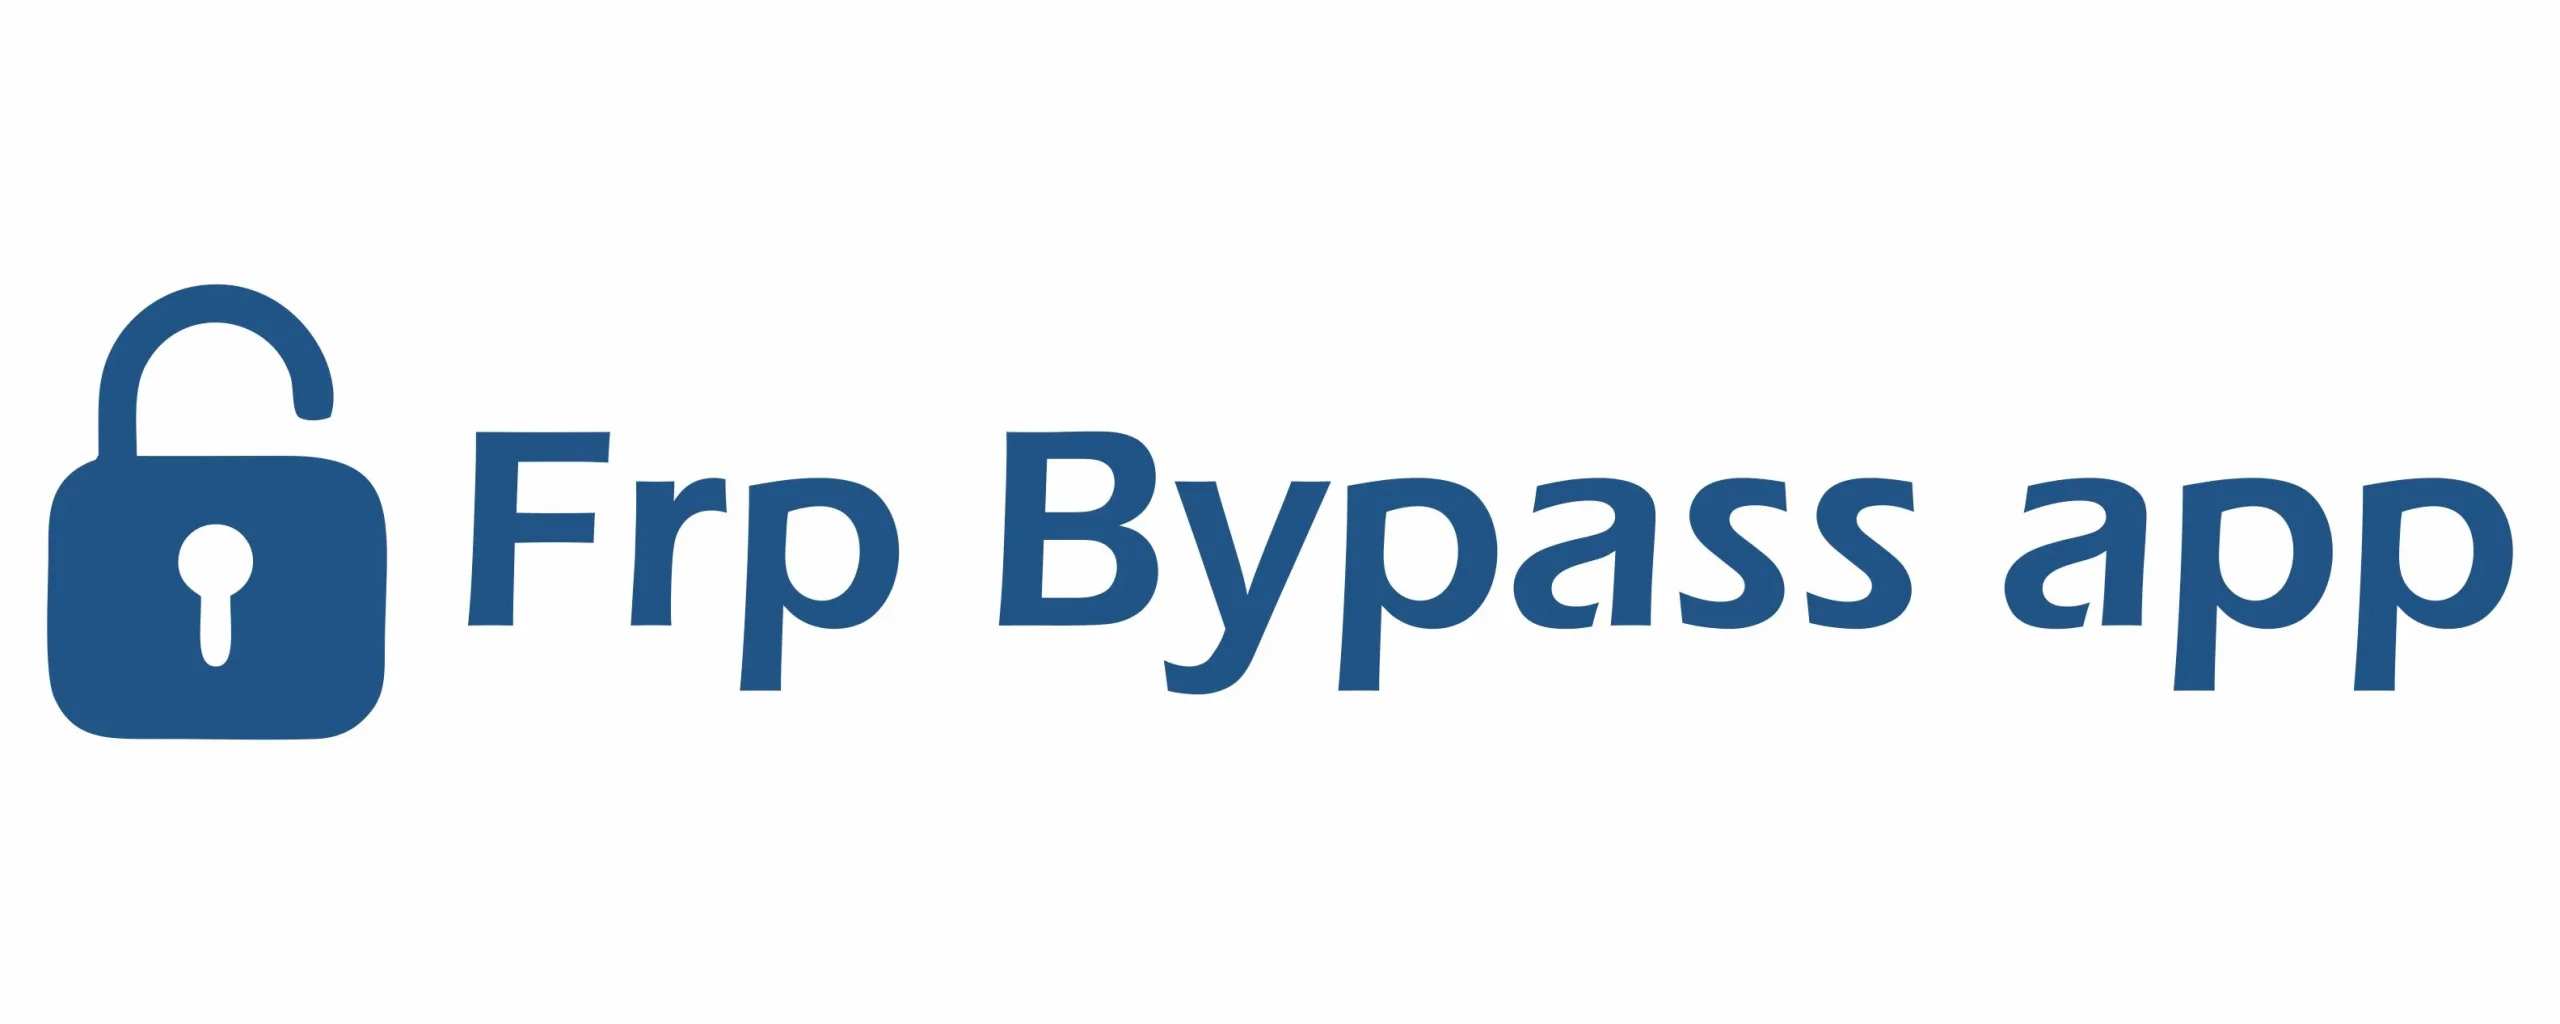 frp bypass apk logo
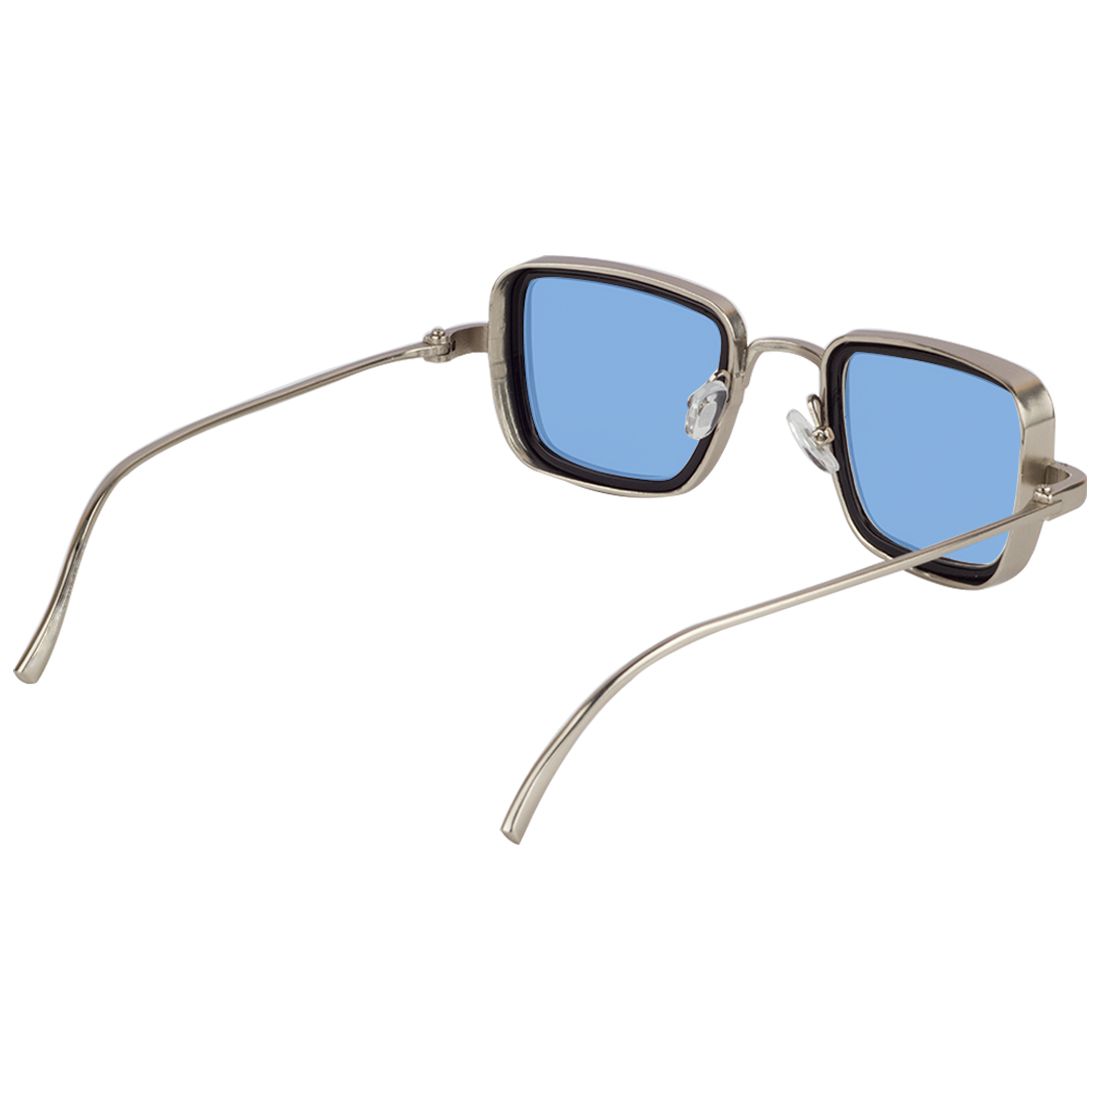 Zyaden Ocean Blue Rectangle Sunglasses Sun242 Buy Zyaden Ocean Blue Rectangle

------------------------------

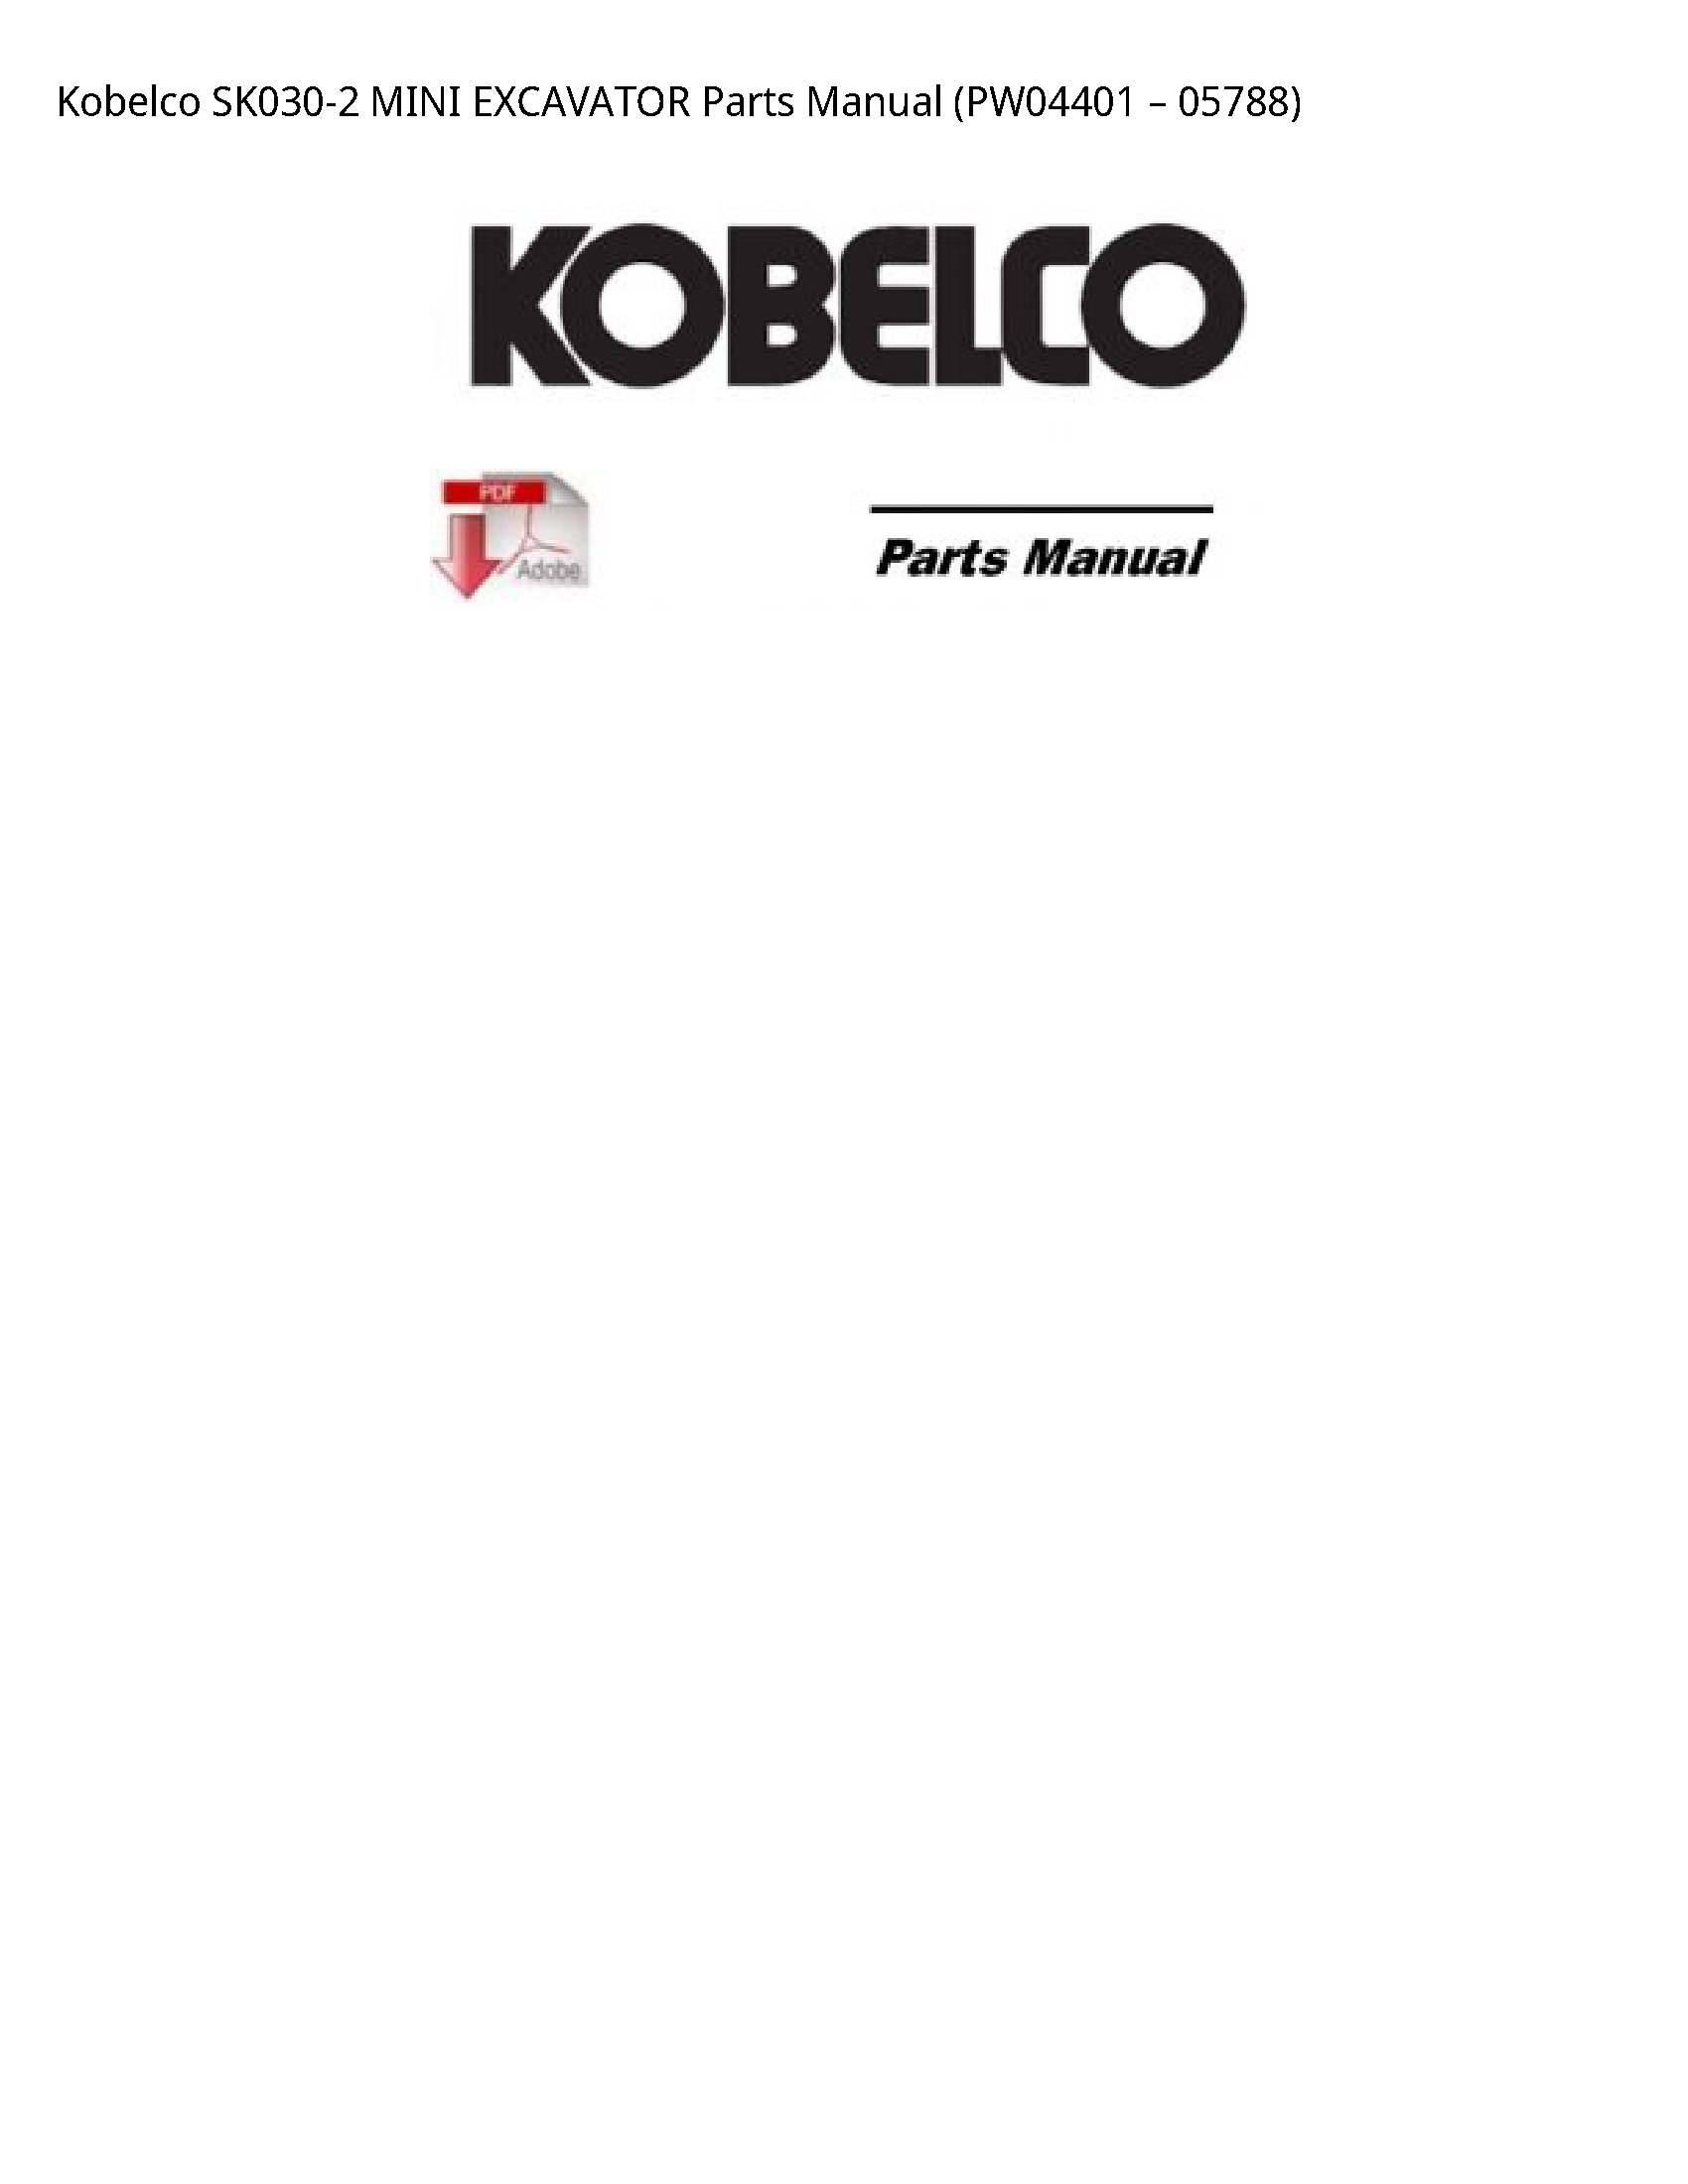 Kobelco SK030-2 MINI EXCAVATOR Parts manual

------------------------------

In the listing above, find the line with "frp bypass apk logo" and the line with "Zyaden Ocean Blue Rectangle Sunglasses". Set down both and every line between them, minus the pictures.

 frp bypass apk logo
 Zyaden Ocean Blue Rectangle Sunglasses Sun242 Buy Zyaden Ocean Blue Rectangle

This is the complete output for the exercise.